TO AGREEMENT AND PLAN OF MERGER

THIS AMENDMENT NO. 5 to Agreement and Plan of Merger (this “Amendment”), dated as of April 15, 2015, is made by and among HEYCO Energy Group, Inc., a Delaware corporation (the “Sole Shareholder”), Matador Resources Company, a Texas corporation (“Parent”), and MRC Delaware Resources, LLC, a Texas limited liability company and wholly owned subsidiary of Parent (“MRC Delaware”).

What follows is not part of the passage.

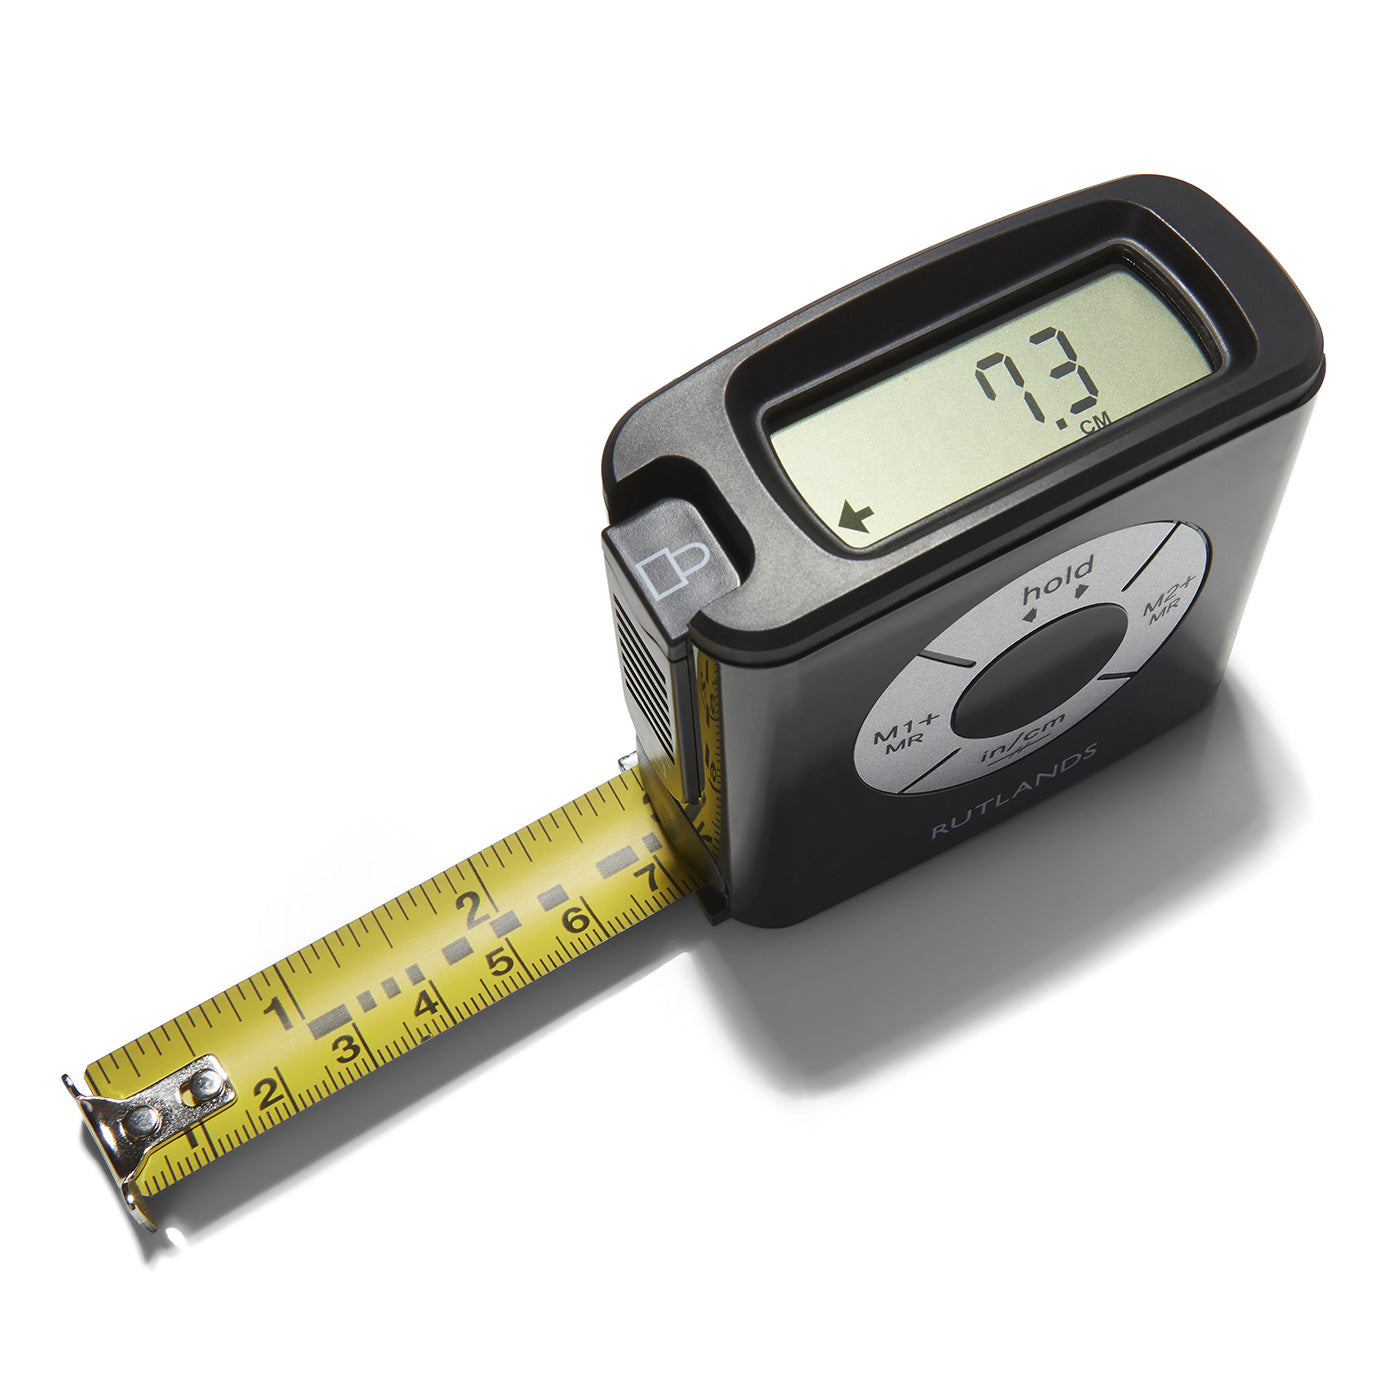 PGII - The Original Perfect Grip Steel Tape Measure - 25ft

WHEREAS, the Sole Shareholder, Harvey E. Yates Company, a New Mexico corporation (the “Company”), MRC Delaware and Parent entered into that certain Agreement and Plan of Merger, dated as of January 19, 2015, as amended by that certain Amendment No. 1 to the Agreement and Plan of Merger dated as of January 26, 2015, as amended by that certain Amendment No. 2 to the Agreement and Plan of Merger dated as of February 2, 2015, as amended by that certain Amendment No. 3 to the Agreement and Plan of Merger dated as of February 6, 2015, and as amended by that certain Amendment No. 4 to the Agreement and Plan of Merger dated as of February 27, 2015 (as amended, the “Merger Agreement”);

WHEREAS, on February 27, 2015, the transactions contemplated by the Merger Agreement were consummated and the Company merged with and into MRC Delaware;

WHEREAS, Parent and MRC Delaware are in negotiations with each of Spiral, Inc., a Delaware corporation (“Spiral”), Explorers Petroleum Corporation, a Delaware corporation (“Explorers”), and Laurelind Corporation, a Texas corporation (“Laurelind”), to form joint ventures to develop certain properties owned by Spiral, Explorers and Laurelind, as applicable, located in Lea and Eddy Counties, New Mexico, and to enter into definitive transaction documents relating to such joint ventures and the contribution of assets thereto (the “JV Transaction Documents”);

WHEREAS, George M. Yates is an affiliate of each of Spiral, Explorers and Laurelind;

WHEREAS, pursuant to Section 8.7 of the Merger Agreement, Mr. Yates was to be appointed to the board of directors of Parent (the “Parent Board”) upon the earlier of (i) the date on which the transactions contemplated by the JV Transaction Documents are consummated and (ii) April 15, 2015;

WHEREAS, the parties desire to delay the appointment of Mr. Yates to the Parent Board pending the negotiation of the joint ventures with Spiral, Explorers and Laurelind and execution of the JV Transaction Documents;

WHEREAS, pursuant to Section 13.1 of the Merger Agreement, the parties desire to amend the Merger Agreement in the manner set forth below; and

WHEREAS, all capitalized terms used herein without definition shall have the respective meanings given to them in the Merger Agreement;


NOW THEREFORE, in consideration of the premises and mutual covenants and agreements contained herein and in the Merger Agreement, and other good and valuable consideration, the receipt and sufficiency of which are hereby acknowledged, the parties hereto agree as follows:

1. Section 8.7 of the Merger Agreement is hereby amended and restated in its entirety as follows:

“8.7 Sole Shareholder Representation on Parent Board. Parent shall, subject to the fiduciary duties of Parent’s board of directors, cause the appointment of George M. Yates as a Class I director of Parent to become effective upon the earlier of (i) the date on which the transactions contemplated by the JV Transaction Documents are consummated and (ii) April 28, 2015 (in either case, the “Appointment Time”), for a term of office continuing until the next election of one or more directors by the shareholders of Parent and thereafter until the election and qualification of his respective successor or until his earlier death, retirement, resignation or removal from the board of directors of Parent. Prior to the Appointment Time, Parent shall (A) approve compensation for George M. Yates, in his capacity as a director, such that he shall receive the same annual retainer, meeting fees and equity awards generally provided to non-employee directors of Parent and (B) nominate George M. Yates for reelection at the Company’s 2015 annual meeting of shareholders.”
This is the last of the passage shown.